Hace poco tiempo, leí un libro de divulgación científica titulado The Secret Body (El cuerpo secreto), escrito por Daniel M. Davis. Hubo un capítulo que me resultó particularmente interesante: “El cerebro multicolor”. En ese capítulo, Davis describía los estudios sobre el cerebro en los siguientes términos: “La dificultad de la incógnita [de cómo funciona el cerebro humano] —y la importancia de resolverla— no se compara en dimensiones a ningún otro problema planteado en toda la biología o, tal vez, en toda la ciencia”. Luego, Davis prosigue describiendo la asombrosa complejidad del cerebro:
El cerebro humano está compuesto de 86 mil millones de neuronas; del cuerpo celular de cada una de ellas se desprende una enorme cantidad de largas y delgadas fibras: las dendritas (prolongaciones de la célula nerviosa que permiten que la neurona reciba señales) y el axón (que permite enviar señales hacia afuera de la célula). En su conjunto, todas esas 86 mil millones de neuronas están conectadas entre sí por 100 billones de sinapsis.
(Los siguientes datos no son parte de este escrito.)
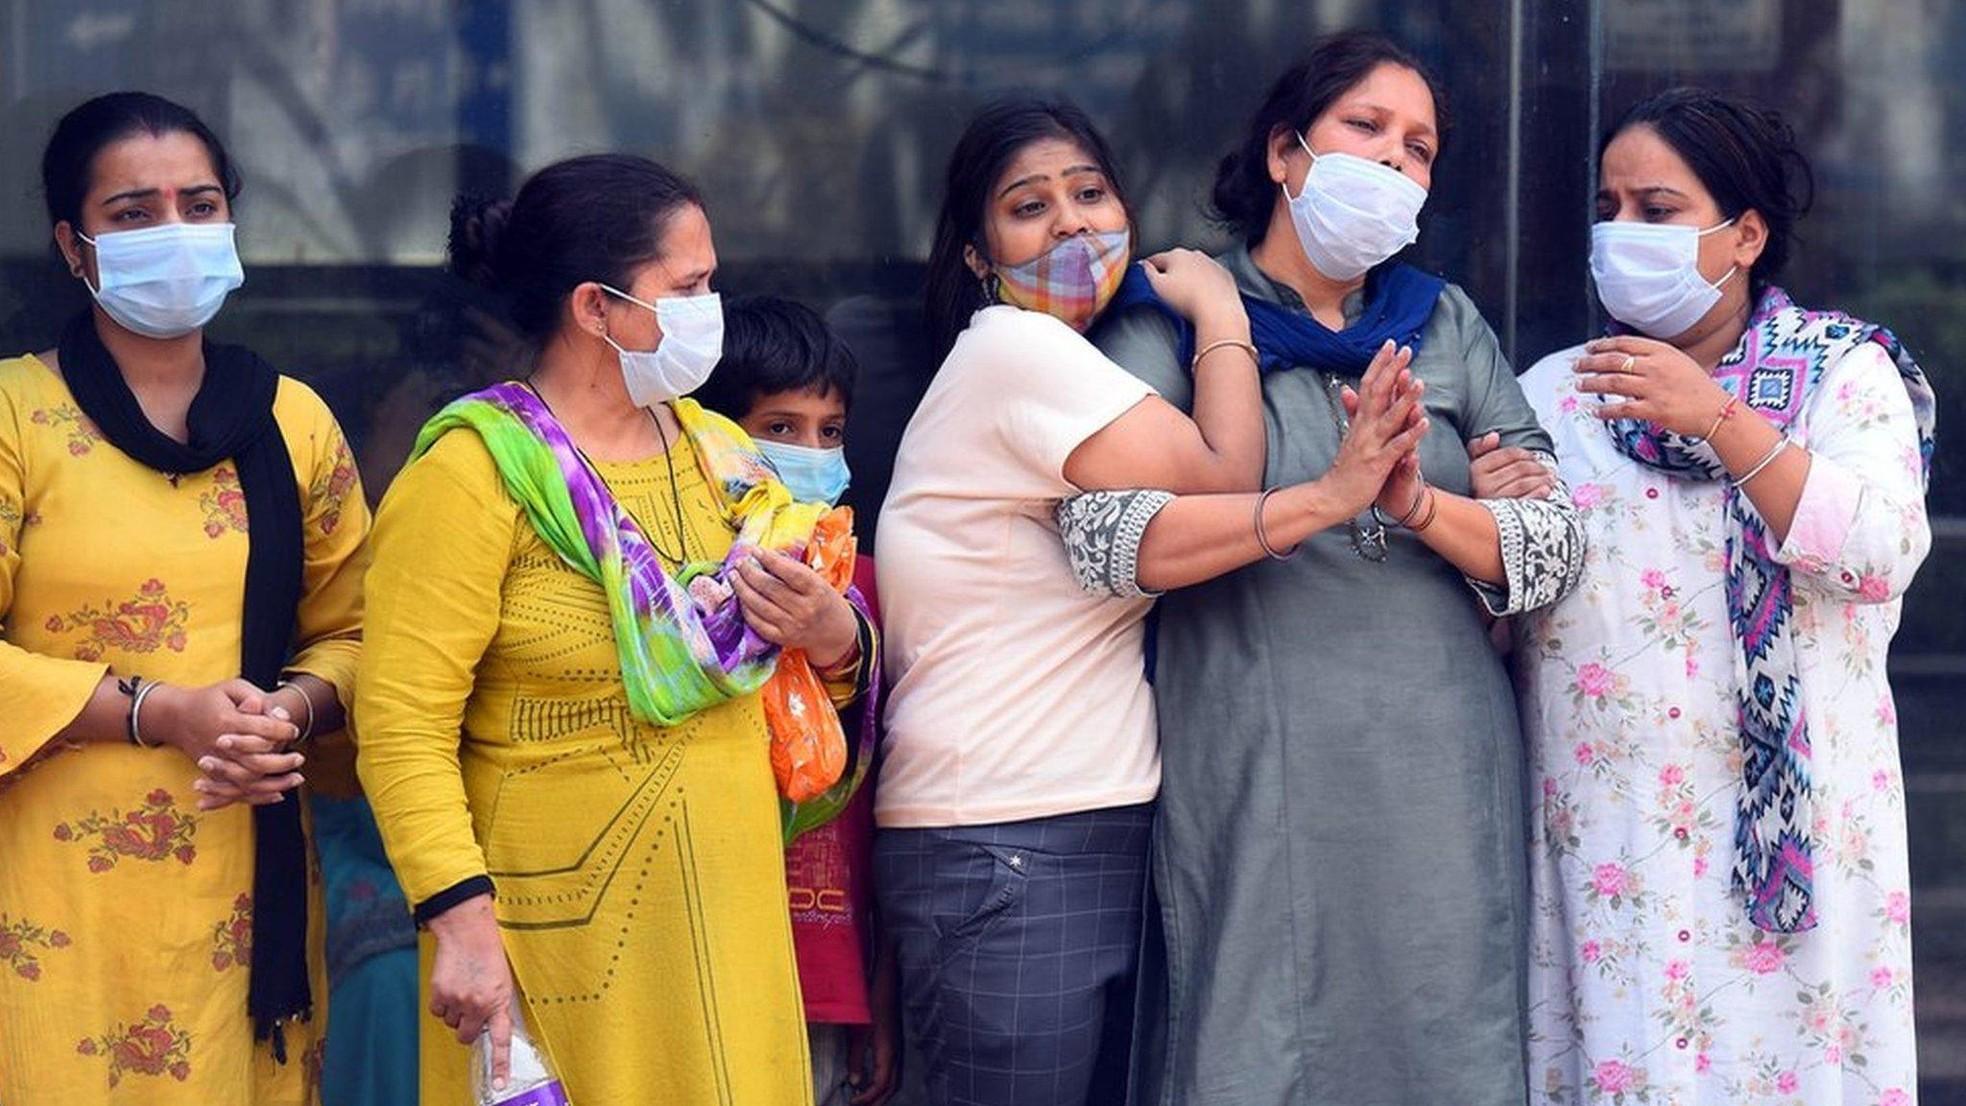 Cuộc khủng hoảng 'niềm tin' của chính phủ Ấn Độ ảnh 4
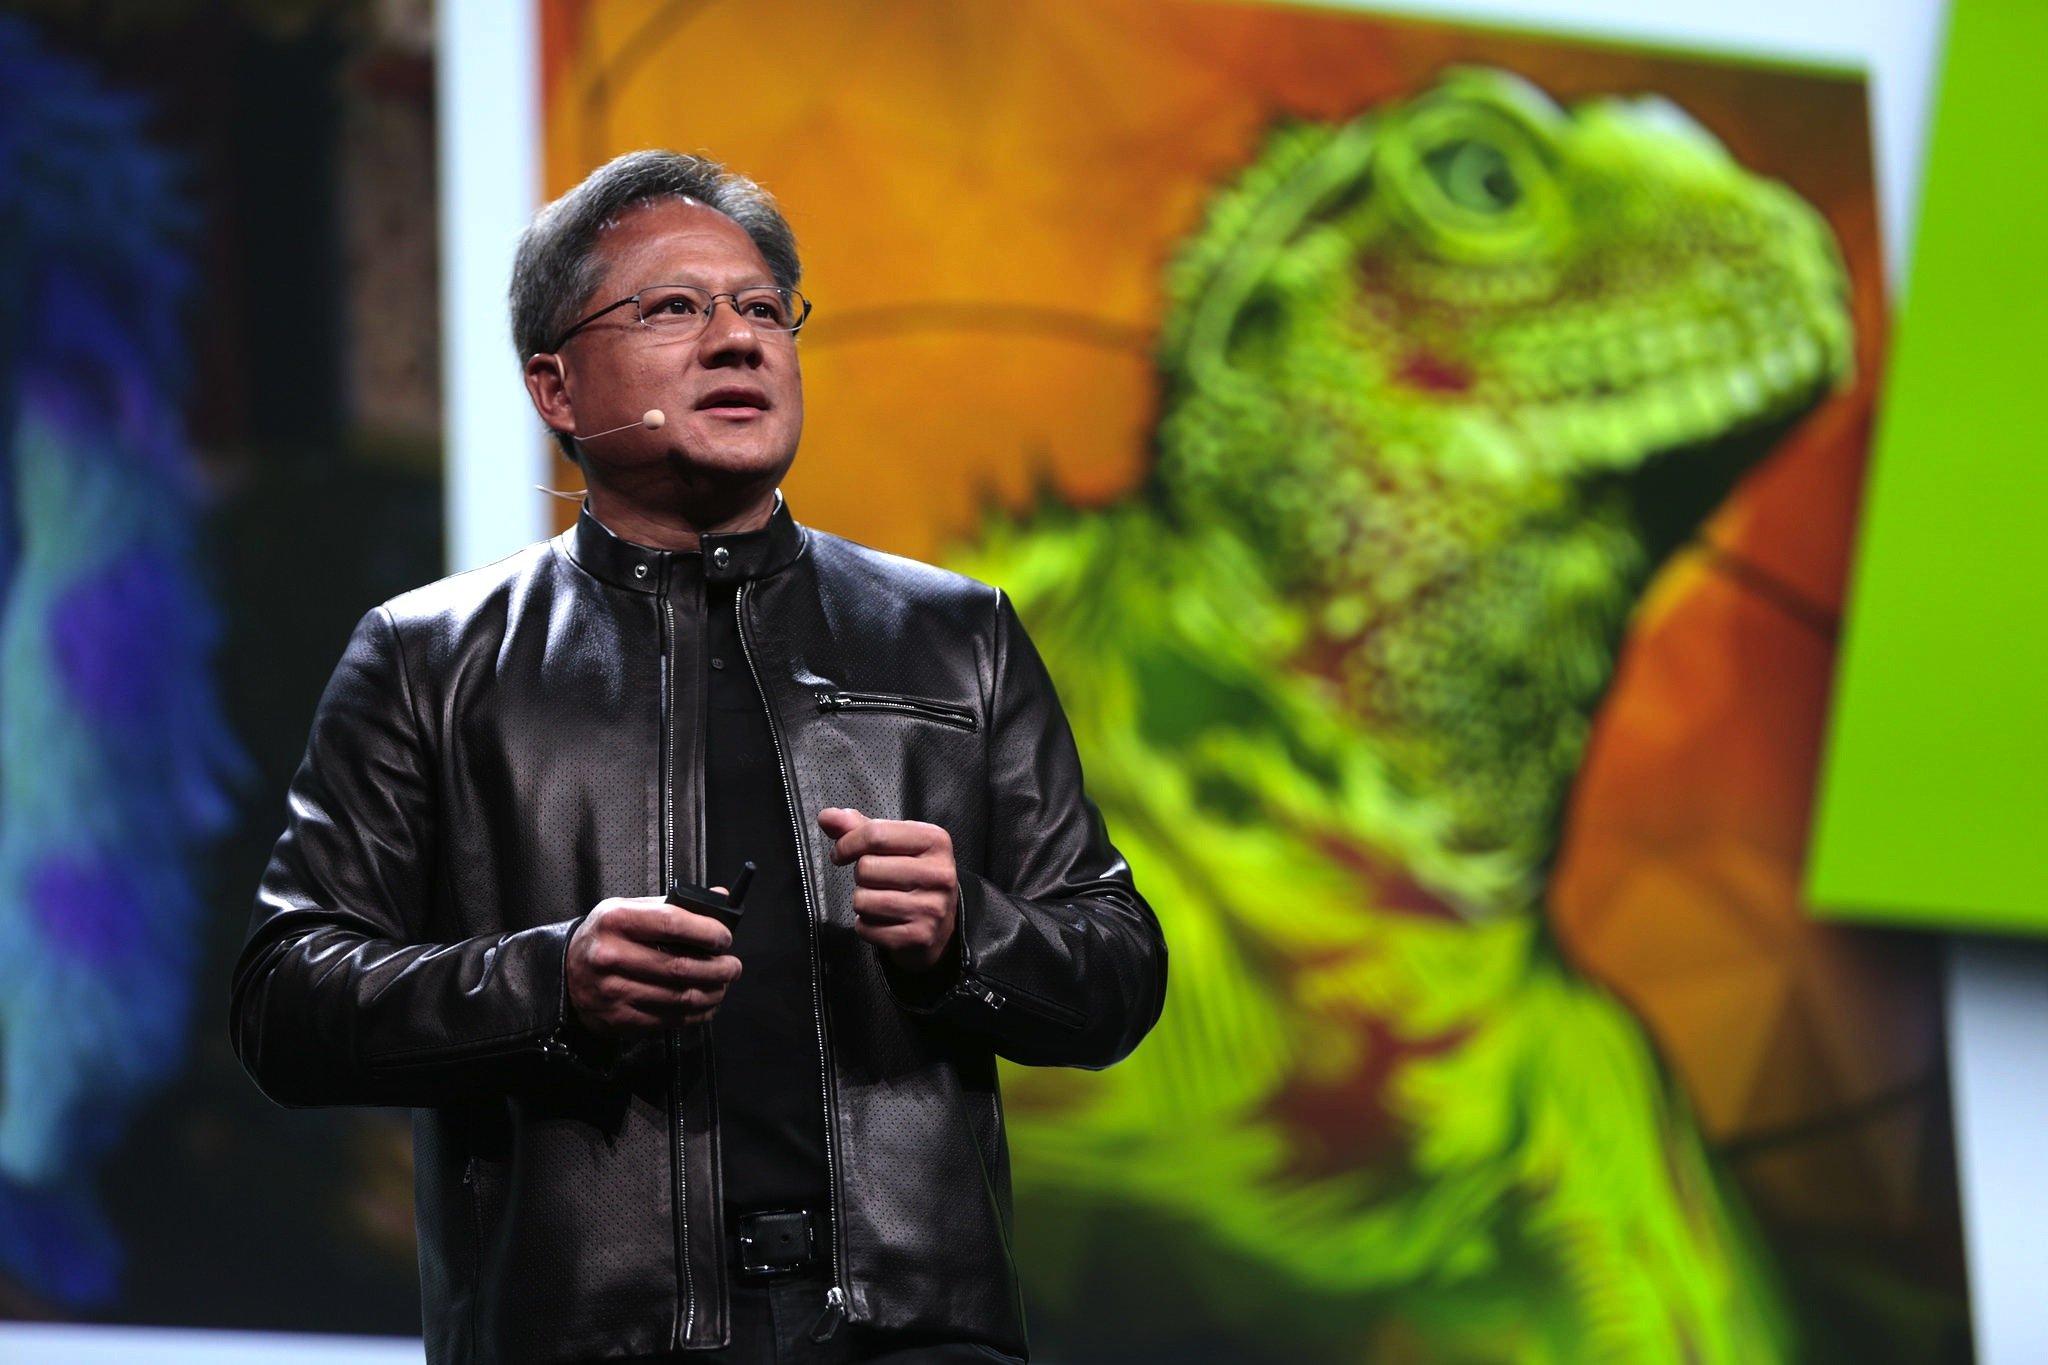 Nvidia-Chef Jen-Hsun Huang präsentierte die neuenextrem starker Grafikprozessoren, die Nvidia künftig auch in autonom fahrenden Autos einsetzen will.

Cada uno de esos puntos de contacto permite que los mensajes se transmitan de una célula a la otra. […] Es decir, si quisiéramos trazar un diagrama completo de todas las conexiones que hay entre las células del cerebro humano, necesitaríamos incluir tantos datos como los que hallamos actualmente en todo el contenido digital del mundo entero.
Otro comentario que me pareció especialmente digno de consideración es el siguiente:
Dentro de tu cabeza se encuentra el objeto más complicado del universo conocido. […] Se trata de un objeto pequeño, pero responsable de la creación de todo el arte y la cultura, de la invención del dinero y de las bombas, de todo lo que la humanidad le ha hecho al planeta a lo largo de la historia y de la extinción de innumerables especies, sin mencionar la producción de nuestras emociones, recuerdos, sueños, relaciones personales y lo que tal vez sea el mayor de los misterios: la conciencia de la propia existencia individual, la formación de una identidad propia y la experiencia de tomar decisiones.
Claramente, necesitamos cuidar y nutrir este invaluable recurso. El cerebro es un elemento de crucial importancia para los seres humanos, puesto que somos criaturas hechas a la imagen de Dios. Sin duda alguna, en miras del mandato que nos ha sido dado —ser vicerregentes de la creación (Génesis 1:26-28)—, debemos poner este “complicado objeto” al servicio de Dios. Es a él a quien pertenece; nosotros solo somos responsables del uso y desarrollo que le damos. Somos mayordomos de nuestro cerebro.
Dios creó un mundo diseñado para la morada de criaturas inteligentes. Hizo seres sintientes y los dotó de deseos intelectuales, imaginación y aspiraciones de sabiduría y conocimiento. Servir a Dios sin hacer uso de las capacidades cognitivas que él nos dio es sencillamente inconcebible.
La Biblia demuestra que hemos sido diseñados para abrigar curiosidad intelectual. Dios quiere que nos hagamos preguntas y que busquemos las respuestas en su revelación. En efecto, Dios creó el mundo entero como una escuela donde toda experiencia es una invitación a pensar y aprender. Cada aspecto de la creación, del mundo natural, de nuestras relaciones y de nosotros mismos es revelador. Todos los hechos verdaderos nos hablan de Dios.
Dios, el gran maestro, creó a los seres humanos como alumnos: a su imagen y dotados de un cerebro con grandes capacidades. Por lo tanto, es esencial que demostremos nuestro amor a Dios ejercitando nuestra mente y, luego, usando el entendimiento adquirido para bendecir a otras personas. Cultivar una mente piadosa, que produzca pensamiento sólido y congruente, es un aspecto crucial del servicio a Dios e implica someternos a un proceso de estudio diligente, a fin de superar la ignorancia y la ingenuidad y crecer en entendimiento y sabiduría.
Las Escrituras revelan que los seres humanos somo homo adorans (criaturas que adoran), creados a la imagen de Dios, diseñados para amar y servir; pero también somos pensadores: homo sapiens (reflexivos y conscientes de nosotros mismos), homo discens (aprendices dotados de curiosidad intelectual), homo quaerens (seres inquisidores que se hacen preguntas), homo imaginans (seres capaces de imaginar y crear) y homo faber (seres capaces de construir y organizar).
Todos estos maravillosos atributos requieren la posesión de un cerebro. Como cristianos, tenemos el deber de desarrollar nuestro inmenso potencial intelectual. Ninguno de nosotros está exento: todos y cada uno de nosotros debe hacerlo, indiferentemente de su capacidad intelectual o de sus logros académicos. Todos somos mayordomos del potencial cognitivo y el nivel educativo que poseemos.
¡Pongamos nuestro hermoso cerebro al servicio de Dios!